* **GIVEN DATA**

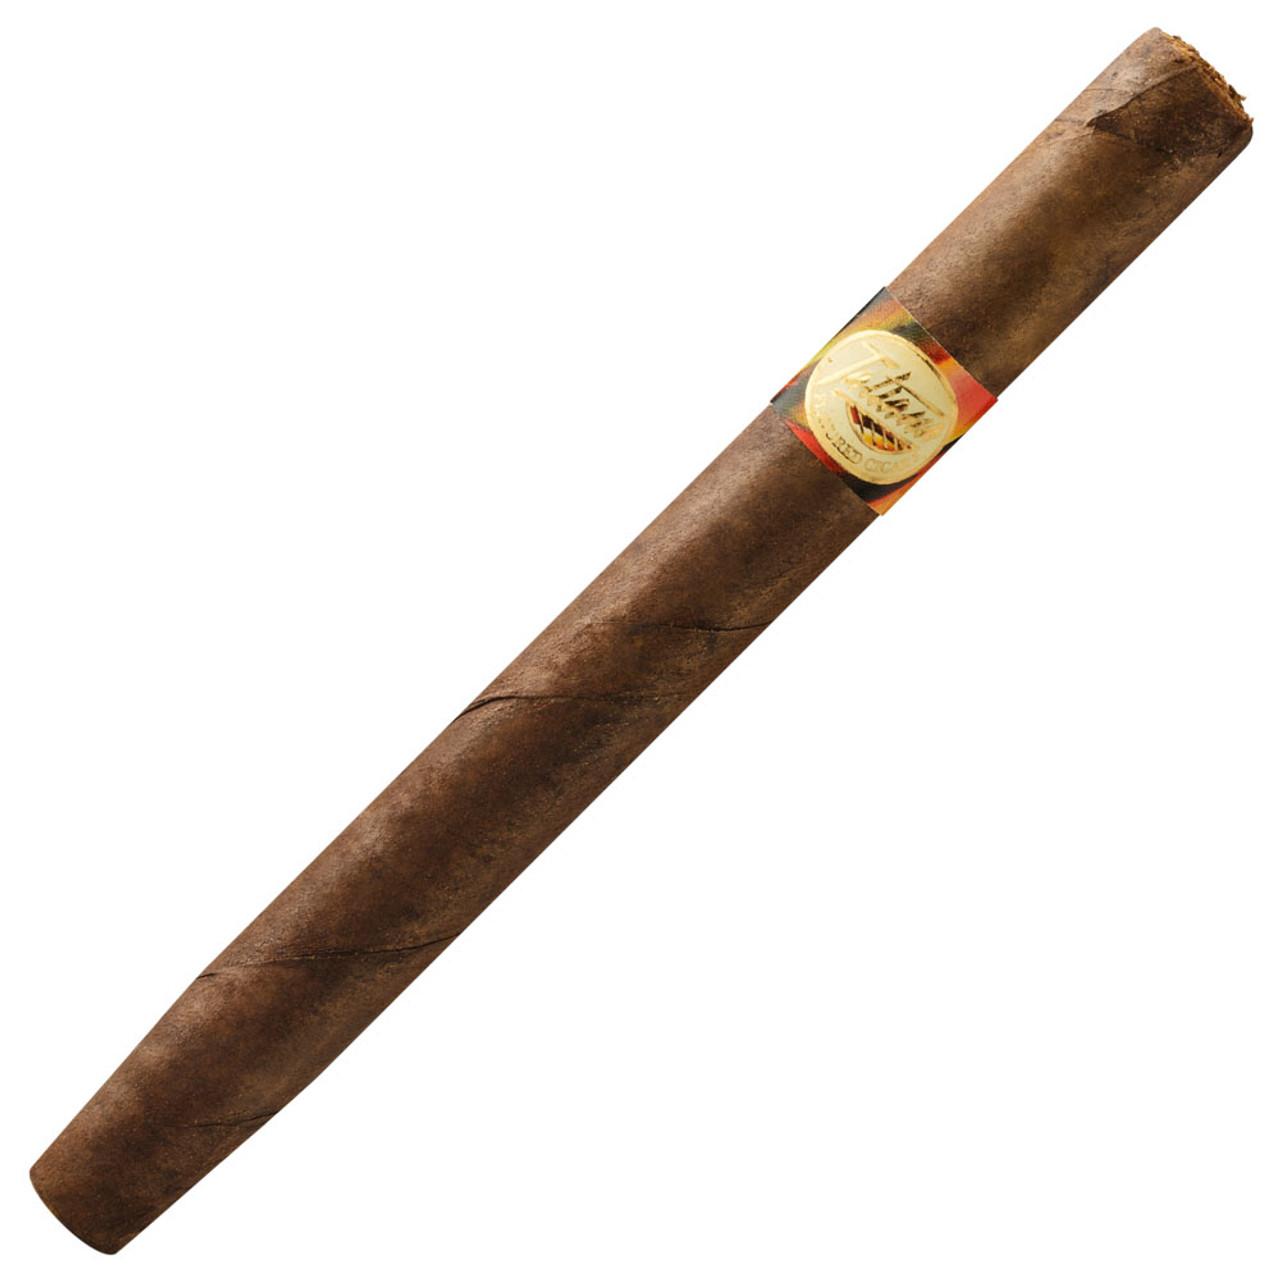 Tatiana Dolce Mandarine Cigars - 5 x 30 (Box of 50)
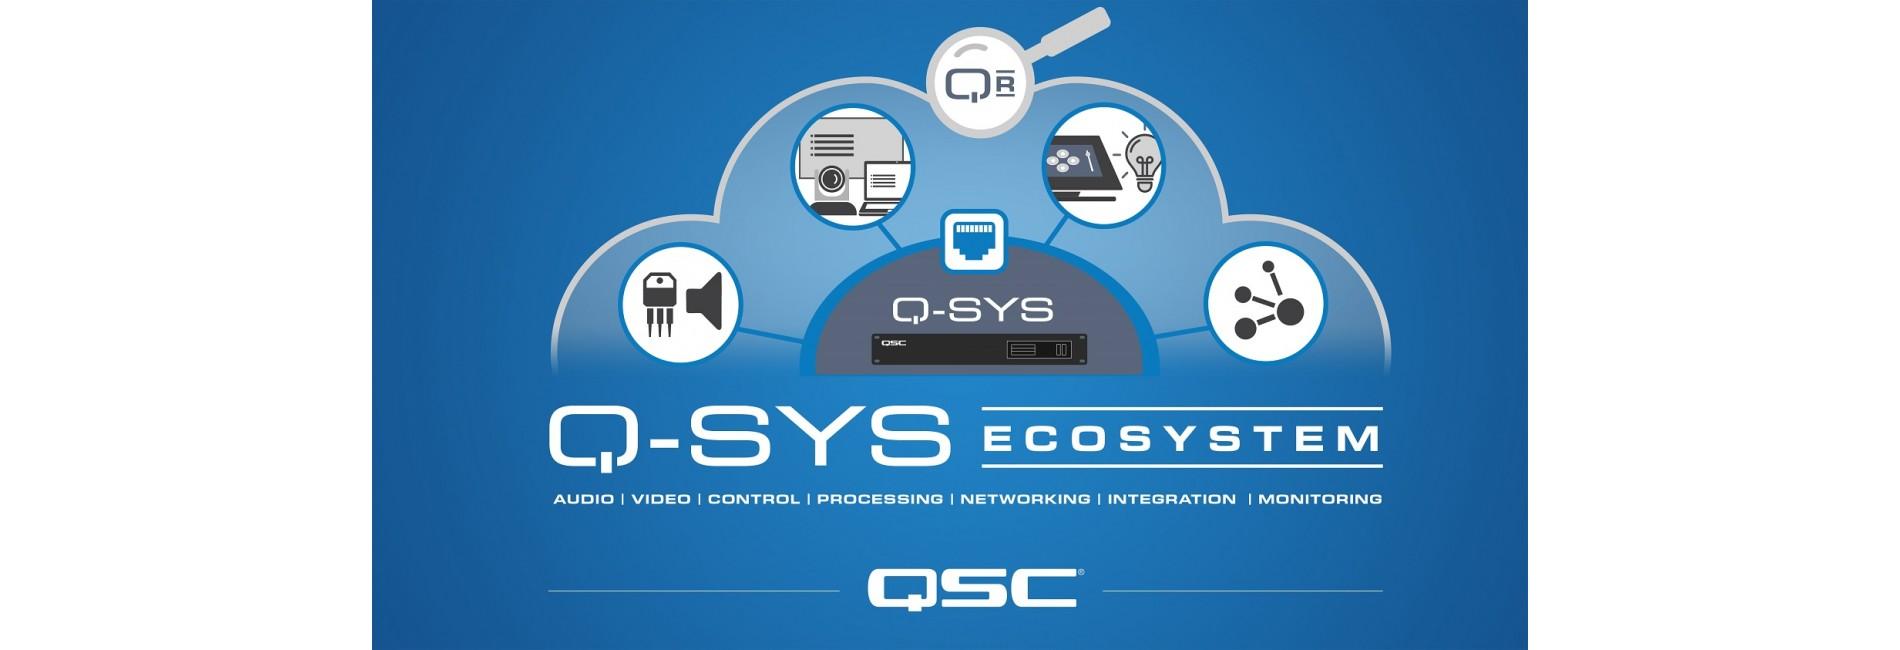 QSYS Ecosystem
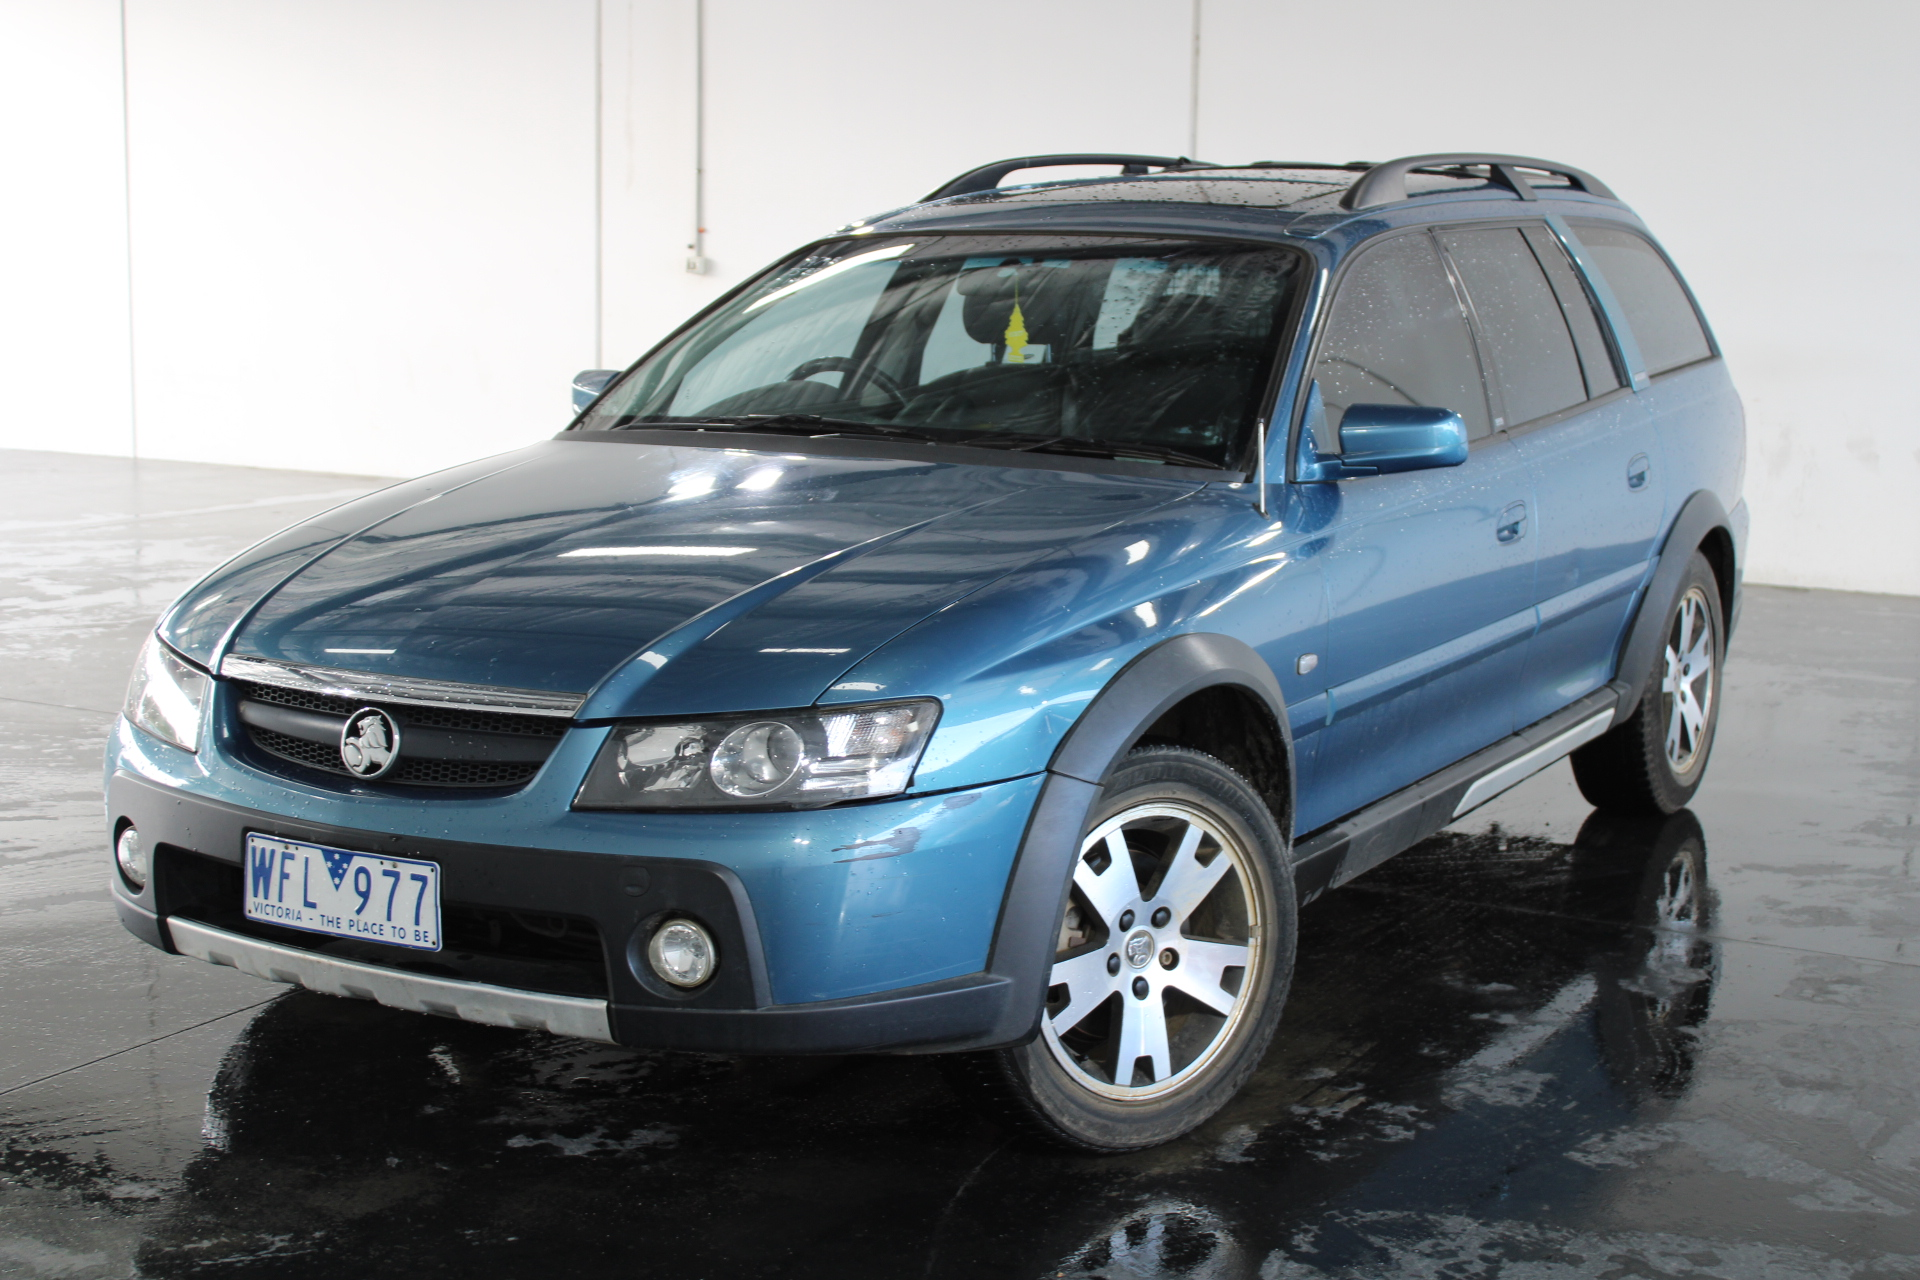 2005 Holden Adventra LX6 VZ Automatic Wagon

* **YOUR GOAL**
Send back every line of the listing exactly. Omit the images.

* **EXERCISE RESPONSE**
 Tatiana Dolce Mandarine Cigars - 5 x 30 (Box of 50)
 QSYS Ecosystem
 2005 Holden Adventra LX6 VZ Automatic Wagon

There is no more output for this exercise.